His secret? He doesn’t have one. Hammond never took exceptional measures during his long life to preserve his health. He did not exercise regularly until his fifties and didn’t get serious about it until his eighties, when he began training for the Georgia Golden Olympics. “I love nothing better than winning,” he says. “It’s been a wonderful thing for me.” Hammond is aging, certainly, but somehow he isn’t getting old—at least, not in the way we usually think about it.

They say aging is one of the only certain things in life. But it turns out they were wrong. In recent years, gerontologists have overturned much of the conventional wisdom about getting old. Aging is not the simple result of the passage of time. According to a provocative new view, it is actually something our own bodies create, a side effect of the essential inflammatory system that protects us against infectious disease. As we fight off invaders, we inflict massive collateral damage on ourselves, poisoning our own organs and breaking down our own tissues. We are our own worst enemy.

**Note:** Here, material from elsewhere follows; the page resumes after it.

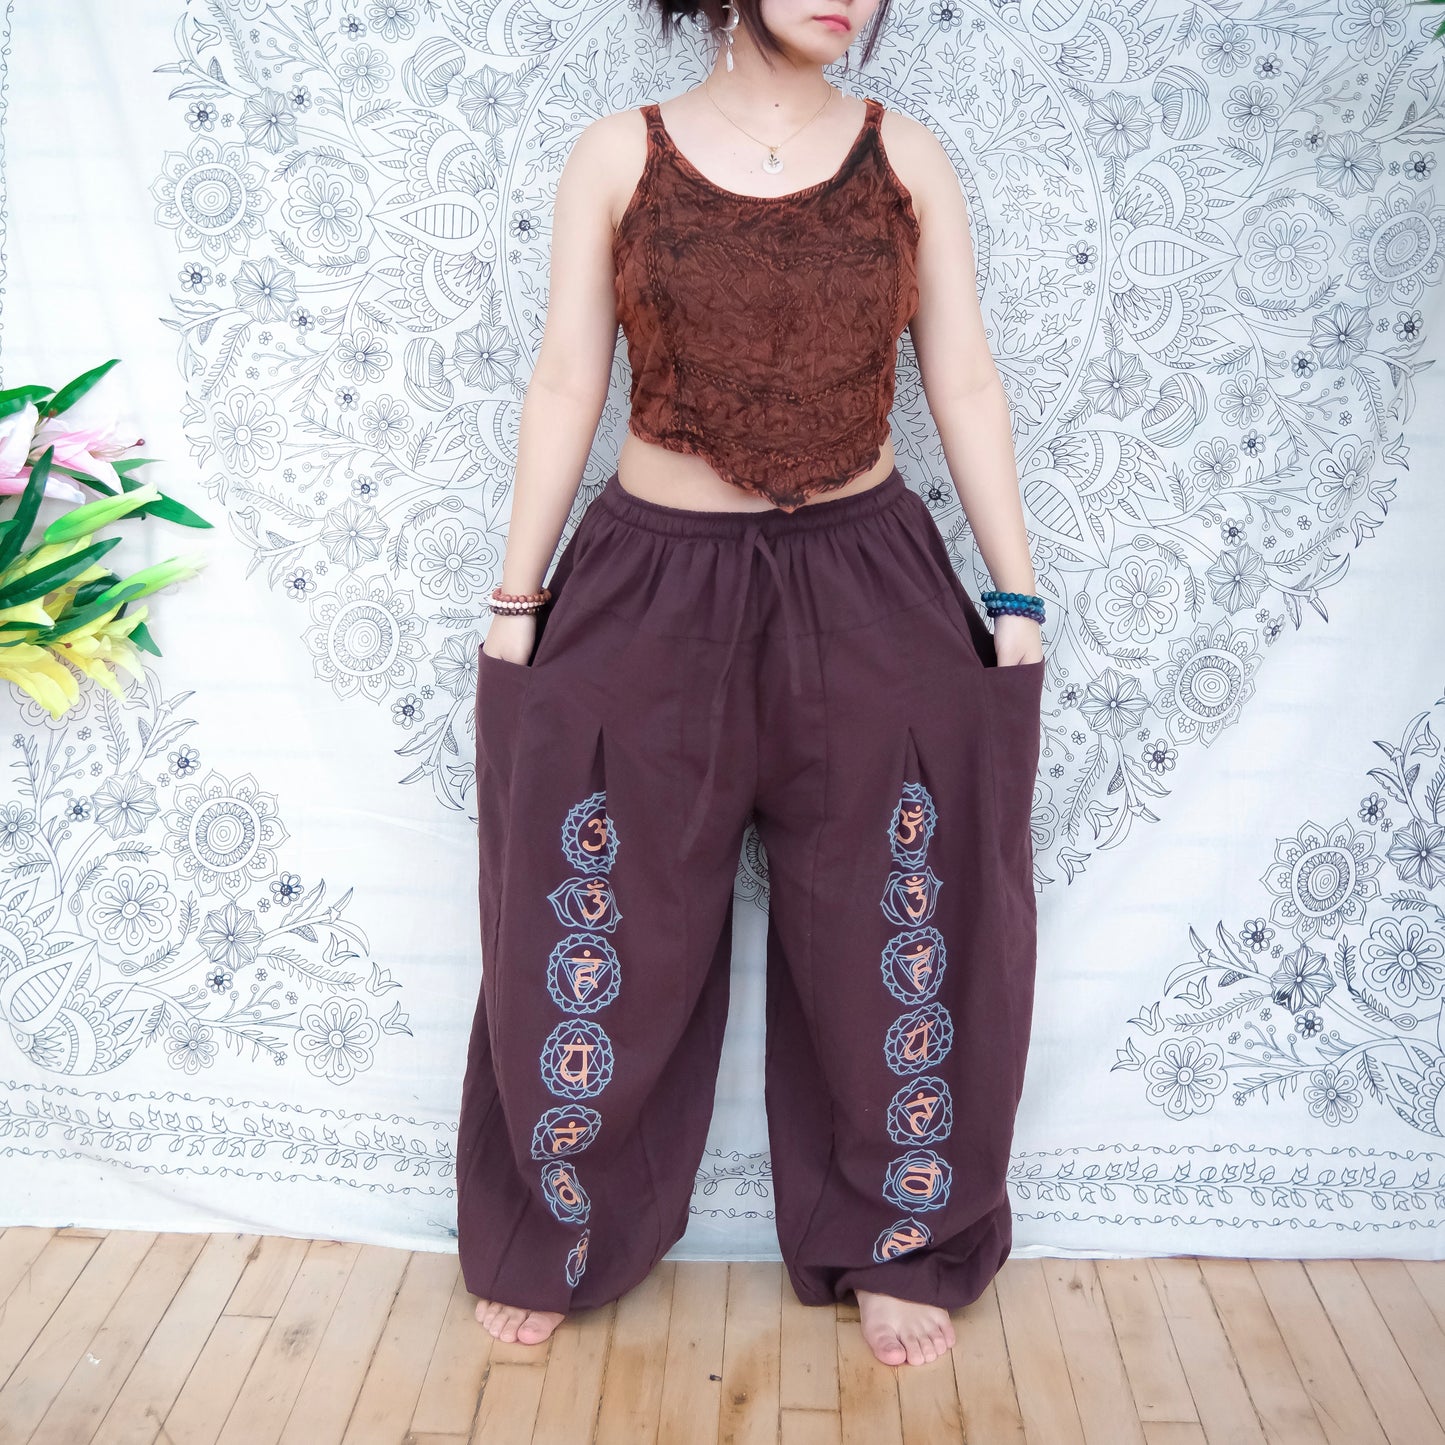 Cotton Chakra Print Yoga Pants

This paradox is transforming the way we understand aging. It is also changing our understanding of what diseases are and where they come from. Inflammation seems to underlie not just senescence but all the chronic illnesses that often come along with it: diabetes, atherosclerosis, Alzheimer’s, heart attack. “Inflammatory factors predict virtually all bad outcomes in humans,” says Russell Tracy, a professor of pathology and biochemistry at the University of Vermont College of Medicine, whose pioneering research helped demonstrate the role of inflammation in heart disease. “It predicts having heart attacks, having heart failure, becoming diabetic; predicts becoming fragile in old age; predicts cognitive function decline, even cancer to a certain extent.”

The idea that chronic diseases might be caused by persistent inflammation has been kicking around since the 19th century. Only in the past few years, though, have modern biochemistry and the emerging field of systems biology made it possible to grasp the convoluted chemical interactions involved in body wide responses like inflammation. Over a lifetime, this essential set of defensive mechanisms runs out of bounds and gradually damages organs throughout the body.

When you start to think about aging as a consequence of inflammation, as Tracy and many prominent gerontologists now do, you start to see old age in a different, much more hopeful light. If decrepitude is driven by an overactive immune system, then it is treatable. And if many chronic diseases share this underlying cause, they might all be remedied in a similar way. The right anti-inflammatory drug could be a panacea, treating diabetes, dementia, heart disease, and even cancer. Such a wonder drug might allow us to live longer, but more to the point, it would almost surely allow us to live better, increasing the odds that we could all spend our old age feeling like Jim Hammond: healthy, vibrant, and vital. And unlike science fiction visions of an immortality pill, a successful anti-inflammatory treatment could actually happen within our lifetime.

For the last century and a half, the average life span in wealthy countries has increased steadily, climbing from about 45 to more than 80 years. There is no good reason to think this increase will suddenly stop. But longer life today often simply means taking longer to die—slowly, expensively, and with more disease and disability. “If you talk to many old people, what they are really desperate about is not the fact that they’re going to die but that they are going to be sick, dependent, have to rely on others,” says Luigi Ferrucci, chief of the longitudinal studies section at the National Institute on Aging and director of the Baltimore Longitudinal Study of Aging, the nation’s longest-running study of old age.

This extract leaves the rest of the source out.